Gov. Robert F. McDonnell vetoed part of the General Assembly’s state spending plan and declared another section unconstitutional Monday as an especially contentious budget process finally drew to a close.
McDonnell (R) vetoed a provision in the budget that would have prevented some surplus funds from being used for transportation. He also struck what he said was an unconstitutional measure related to the Federal Action Contingency Trust (FACT) fund, a rainy day fund to prepare for potentially large federal cuts.
“I am sure that many members of the General Assembly would agree that the process for reaching conclusion on the budget was lengthy and difficult,” McDonnell said in a statement issued after he signed the two-year, $85 billion state budget plan.
“The core fiscal objectives I outlined in the introduced budget last December have been accomplished, and much progress was made in funding for public education, higher education, economic development, health and human resources, as well as reform of the retirement system,” he said.
The state budget had been delayed by partisan wrangling over Senate committee assignments and funding for a project to extend Metrorail to Dulles International Airport.
In the end, the Democrats abandoned their effort to use the budget as a bargaining chip for more committee power in the chamber, with November’s elections left evenly divided between Republicans and Democrats. Democrats also lost their bid for $300 million for the Dulles rail project in April, when Sen. Charles J. Colgan (D-Prince William) voted with Republicans to break the budget stalemate.
The General Assembly went along with some of McDonnell’s biggest budget priorities, including boosting K-12 and higher education by more than $880 million and pouring about $2 billion into the underfunded retirement system for state employees. But it rebuffed him on a plan to divert more general-fund revenue toward transportation.
McDonnell made more than 100 amendments to the General Assembly’s budget plan. When legislators returned to Richmond last month, they went along with $19.5 million in economic development funding that he had added, giving the man who’d campaigned on the slogan “Bob’s for Jobs!” a victory on his marquee issue.
But they soundly defeated 31 of his amendments — more than even the most veteran lawmakers could recall.
On Monday, McDonnell had the last word, with two final changes that the General Assembly will not have the chance to undo.
The first concerns how much of the state surplus can be spent on transportation. For about the past five years, state law dictated that only two-thirds of state surplus funds could be used for transportation. This year, the General Assembly passed a bill allowing the remaining third to be tapped for one-time transportation projects.
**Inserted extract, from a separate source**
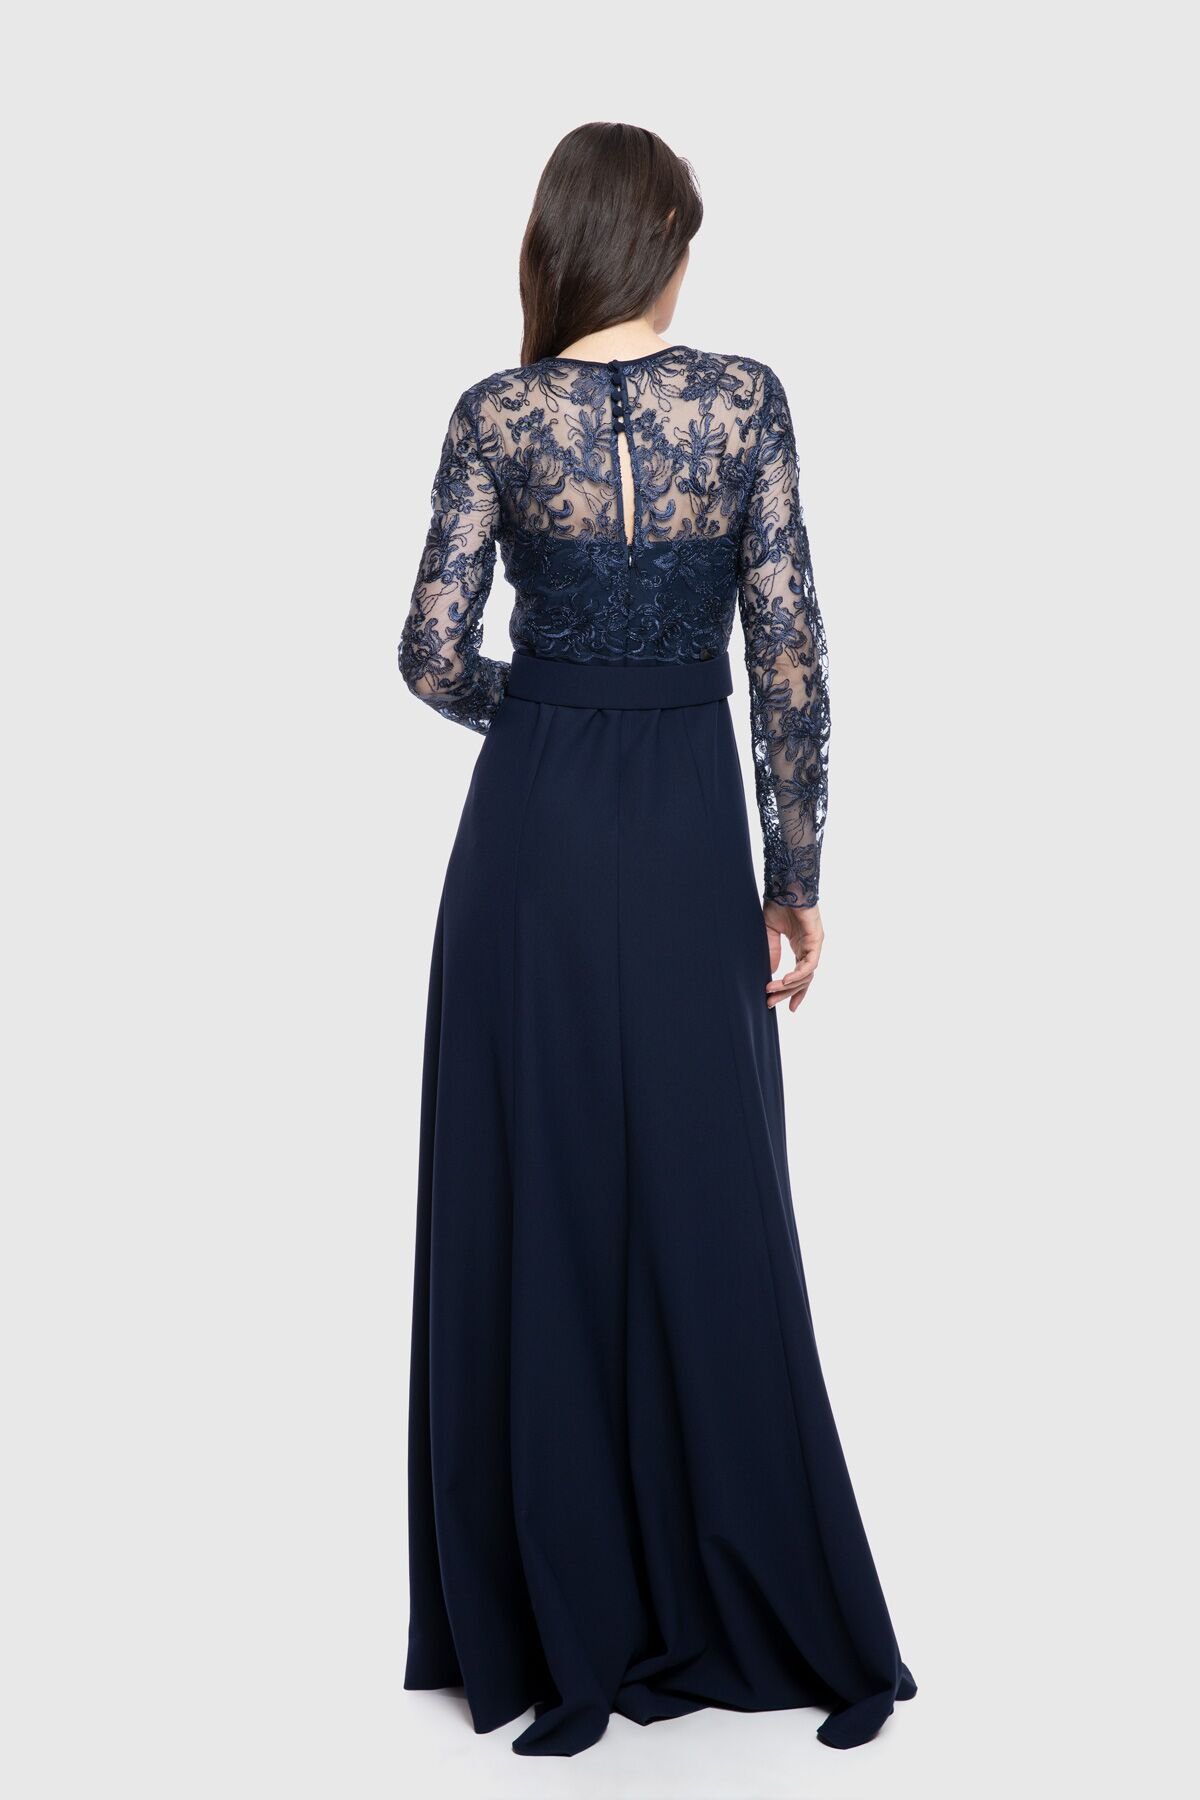 With Lace Detailed Slit Top Long Navy Blue Dress

After McDonnell signed that into law, budget conferees added language to again put the remaining one-third of the surplus off limits to transportation. McDonnell’s veto restores the state’s right to use the one-third for transportation.
The other change pertains to the FACT fund, which amounts to $30 million and could reach $50 million by fiscal 2014. The General Assembly had sought to restrict the governor’s ability to distribute money from the fund without approval from the FACT Fund Approval Commission. McDonnell said that provision was unconstitutional because FACT fund expenditures fall within the purview of the executive branch.